Aziz et al (Aziz et al. 2011) treated landfill leachate by using the SBR process. Two types of the SBR, namely non-powdered activated carbon and powdered activated carbon (PAC-SBR) were used. Response surface methodology (RSM) was applied for experimental design, analysis and optimization. Based on the results, the PAC-SBR displayed superior performance in term of removal efficiencies when compared to SBR. At the optimum conditions of aeration rate of 1 L/min and contact time of 5.5 h the PAC-SBR achieved 64.1%, 71.2%, 81.4%, and 1.33% removal of COD, colour, NH3-N, and TDS, respectively.
A solar photo-Fenton process, without iron addition, is proposed for the decontamination of a landfill
leachate in a pilot plant with CPCs, after a preliminary pre-treatment in aerated and non-aerated lagoons by Vilar et al (Vilar et al. 2011). The solar photo-Fenton reaction leads to 60% mineralization (DOCfinal = 1200mgL-1) and 90% reduction of aromatic content of the leachate after 5 sunny clear days (165 kJUV L-1), consuming 275mM of H2O2.
Claudio et al (Di Iaconi et al. 2011) developed process based on ozone enhanced biological degradation, carried out in an aerobic granular biomass system (SBBGR) was tested at lab scale for treating a typical medium age landfill leachate. The results have shown that ozonation greatly improves the biological treatment's effectiveness. A strong synergy between chemical and biological oxidation was observed with an O3 consumed / COD removed ratio as low as 0.24.

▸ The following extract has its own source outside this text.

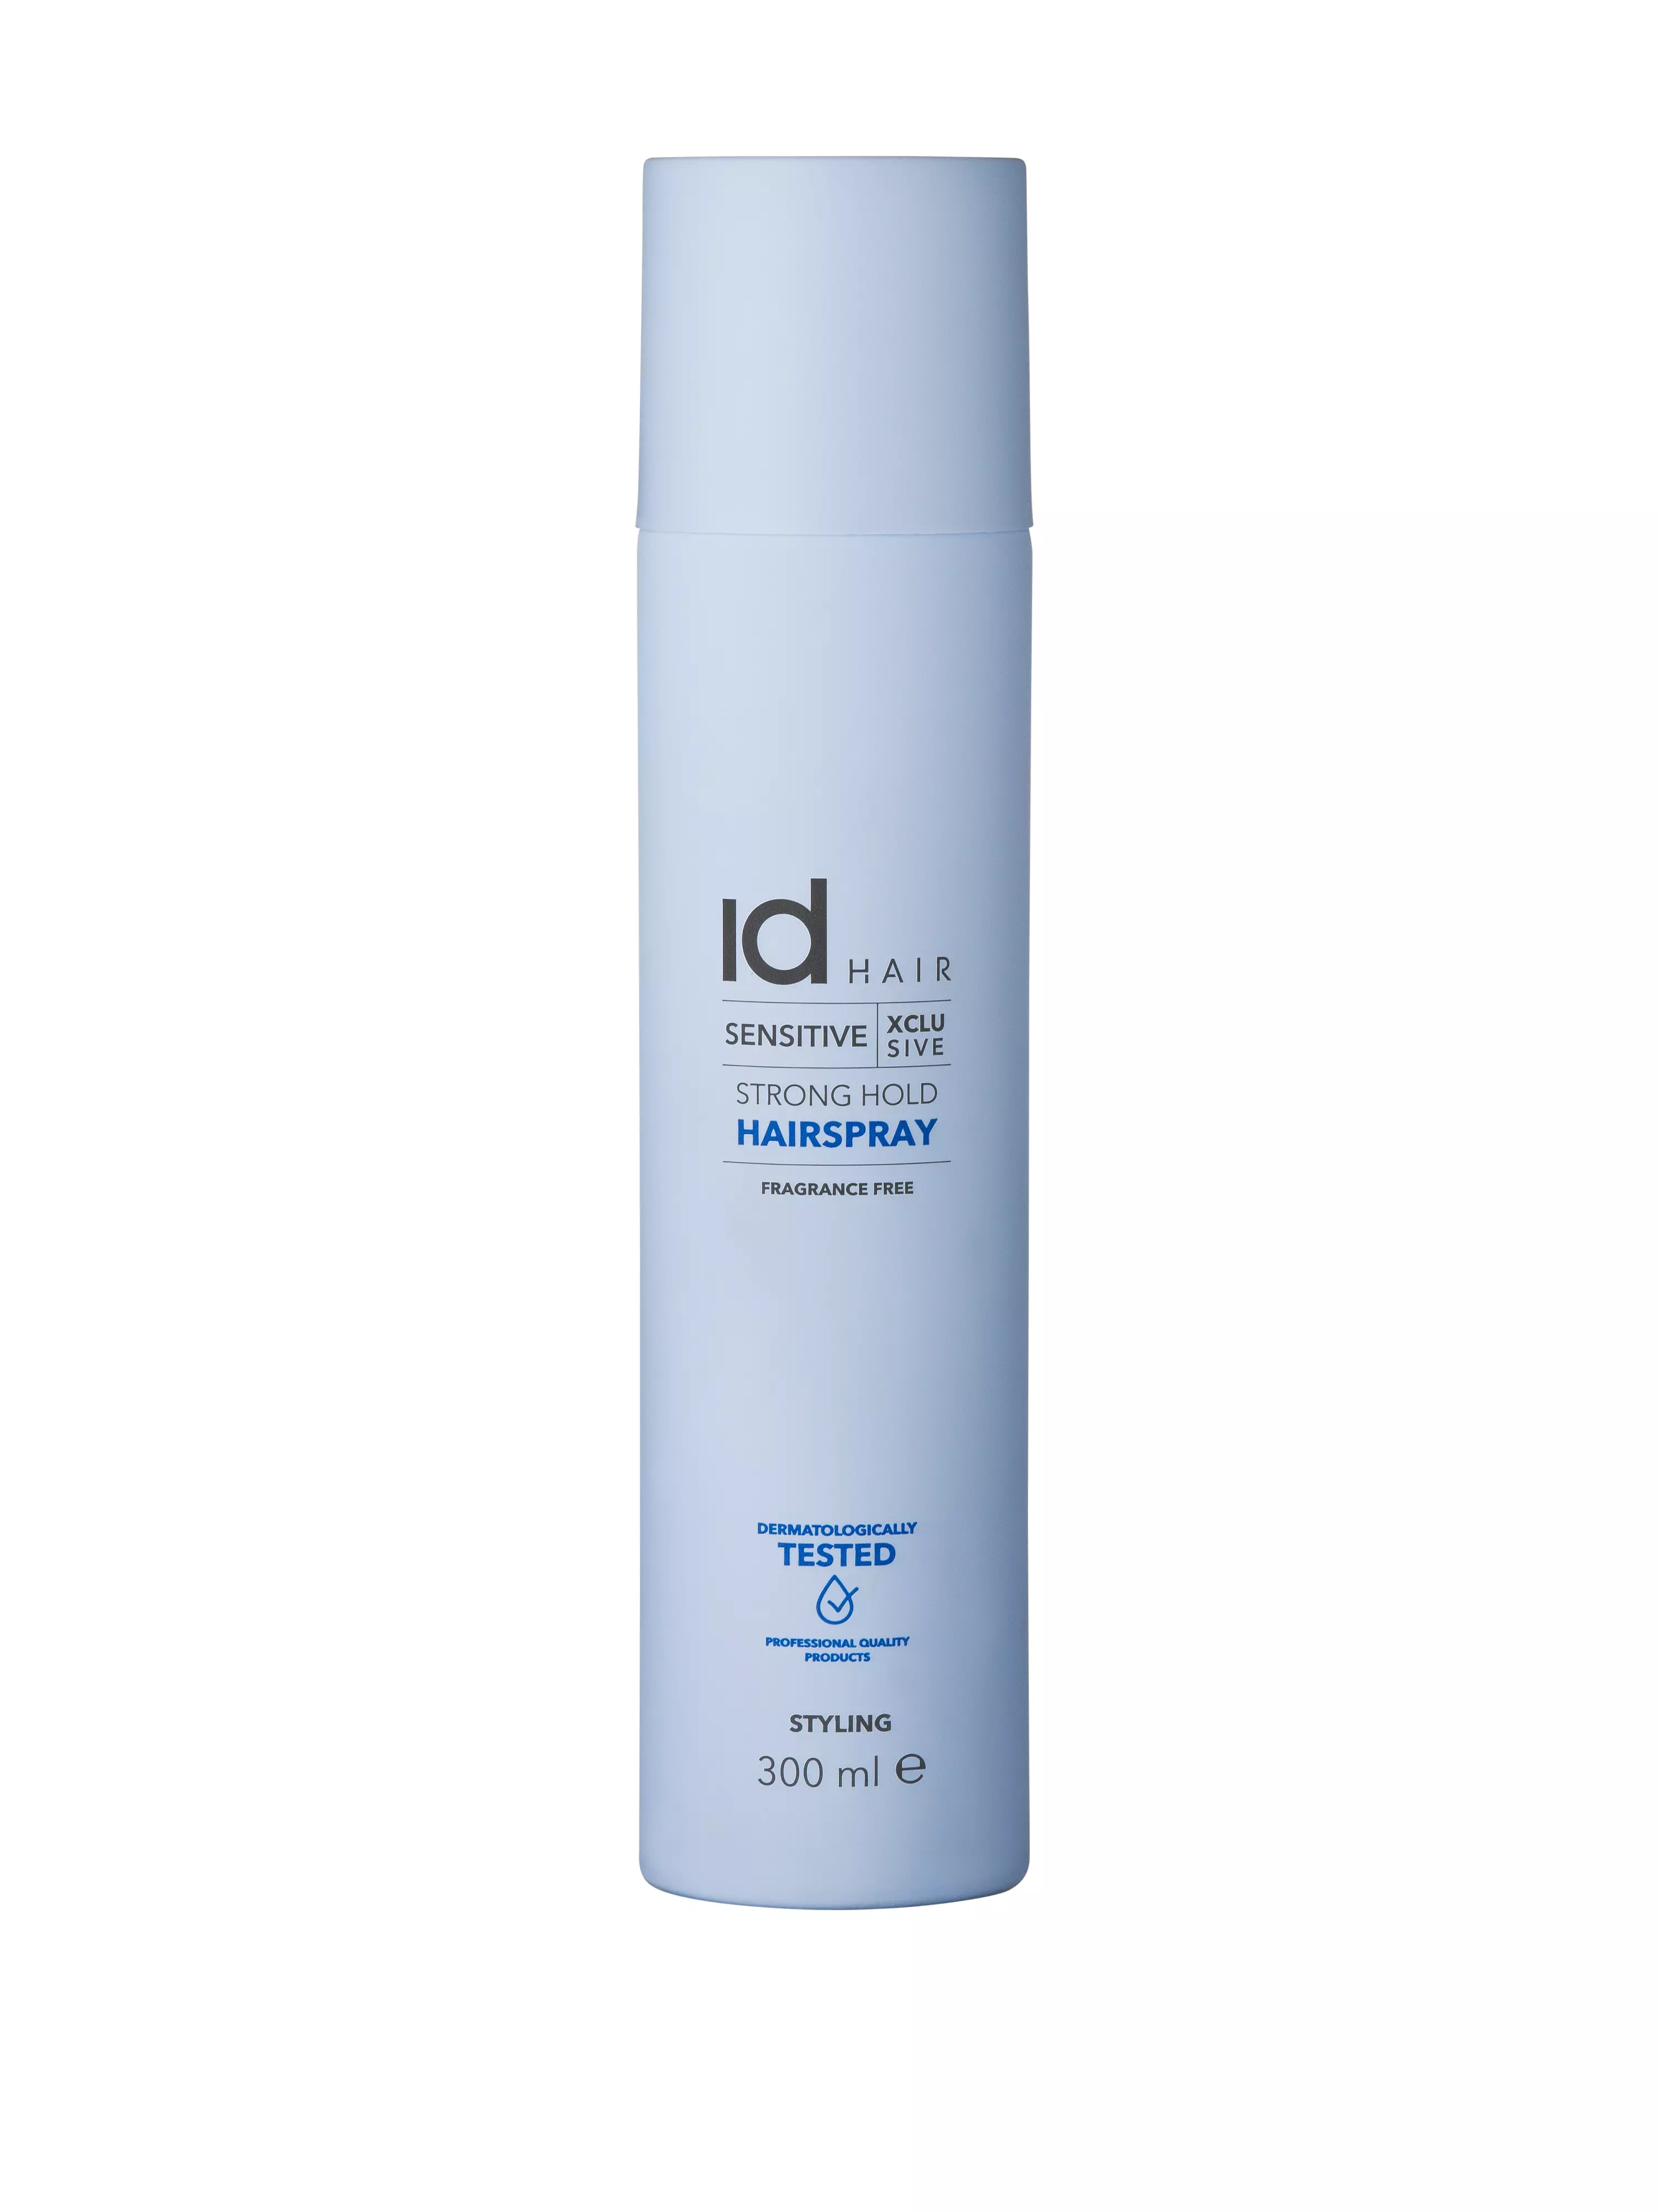 Idhair Sensitive Xclusive Strong Hold Hairspray

As a whole, a combination of two treatment process to be more efficient and effective than individual treatment. This could be due to the fact that a two-step treatment has the ability to synergize the advantages of individual treatments, while overcoming their respective limitations. A combined treatment is indeed capable of improving the effluent quality and minimizing the residue generated at a lower treatment cost than an individual treatment.